### EXERCISE PROMPT
Restate the data below word for word. Skip any images it contains.
[[ THE DATA, beginning ]]
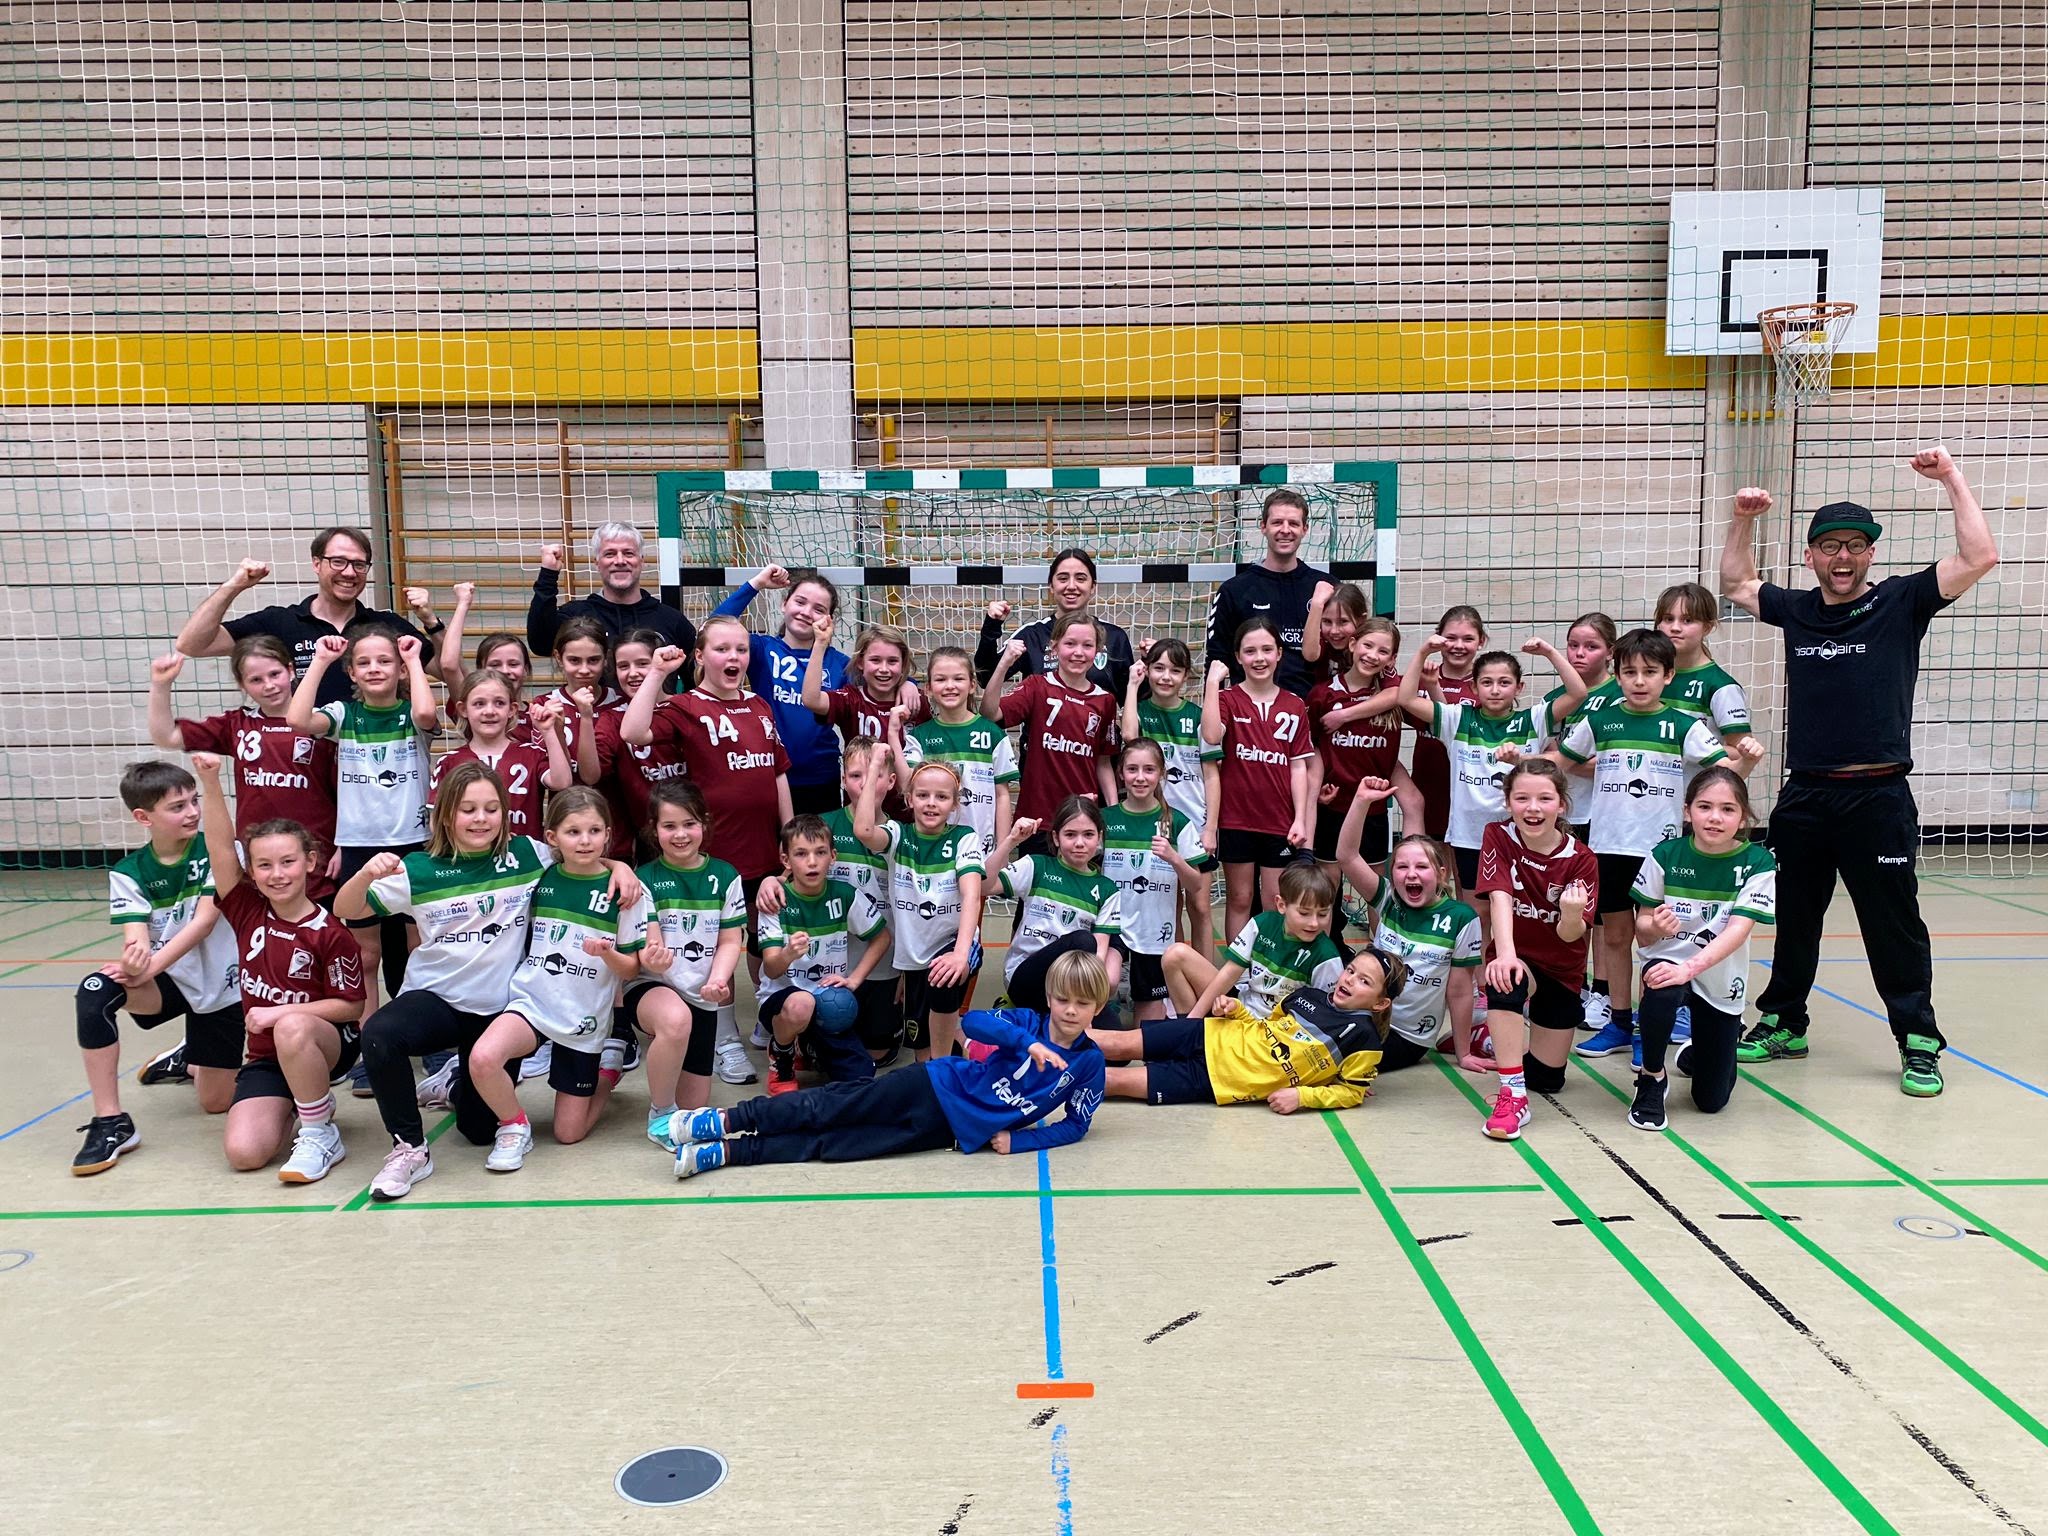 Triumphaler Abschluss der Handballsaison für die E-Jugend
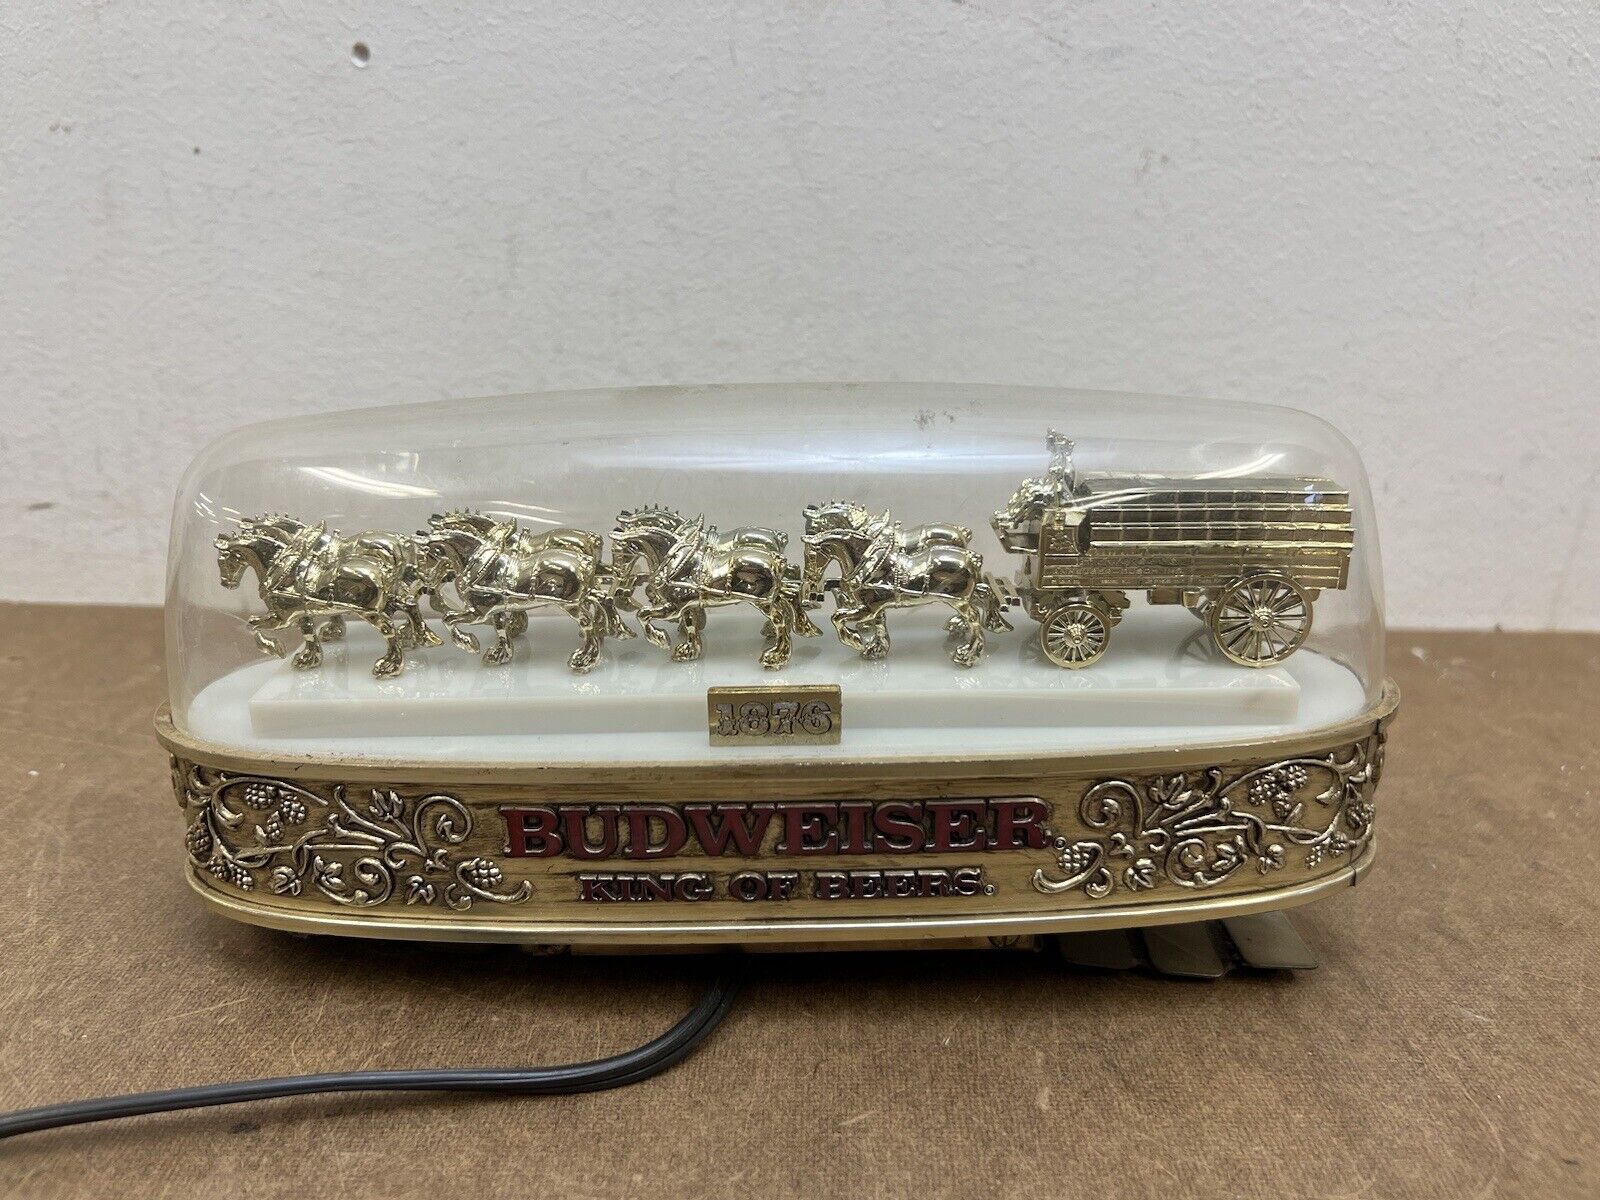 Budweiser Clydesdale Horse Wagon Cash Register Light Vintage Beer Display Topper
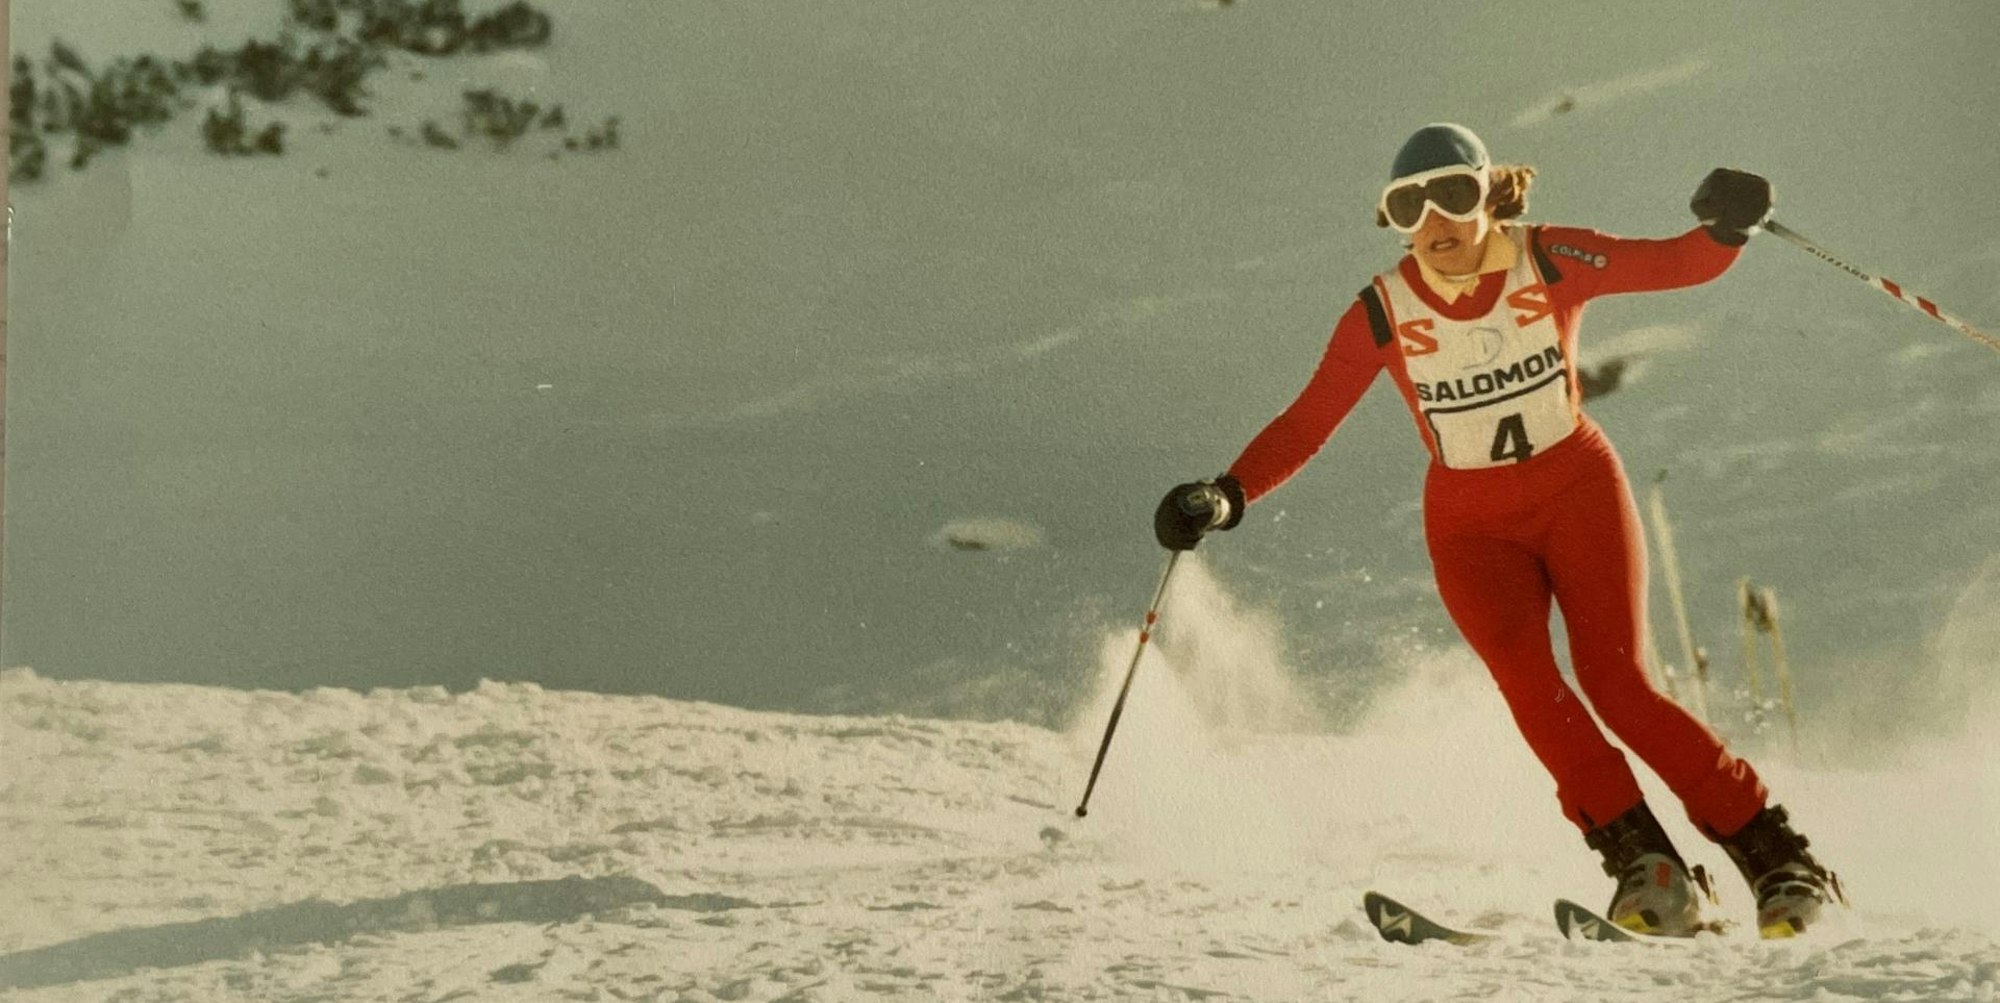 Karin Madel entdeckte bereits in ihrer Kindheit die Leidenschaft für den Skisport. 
[[ THE DATA, end ]]
### ANSWER TO THIS TASK
 Triumphaler Abschluss der Handballsaison für die E-Jugend
 Budweiser Clydesdale Horse Wagon Cash Register Light Vintage Beer Display Topper
 Karin Madel entdeckte bereits in ihrer Kindheit die Leidenschaft für den Skisport. 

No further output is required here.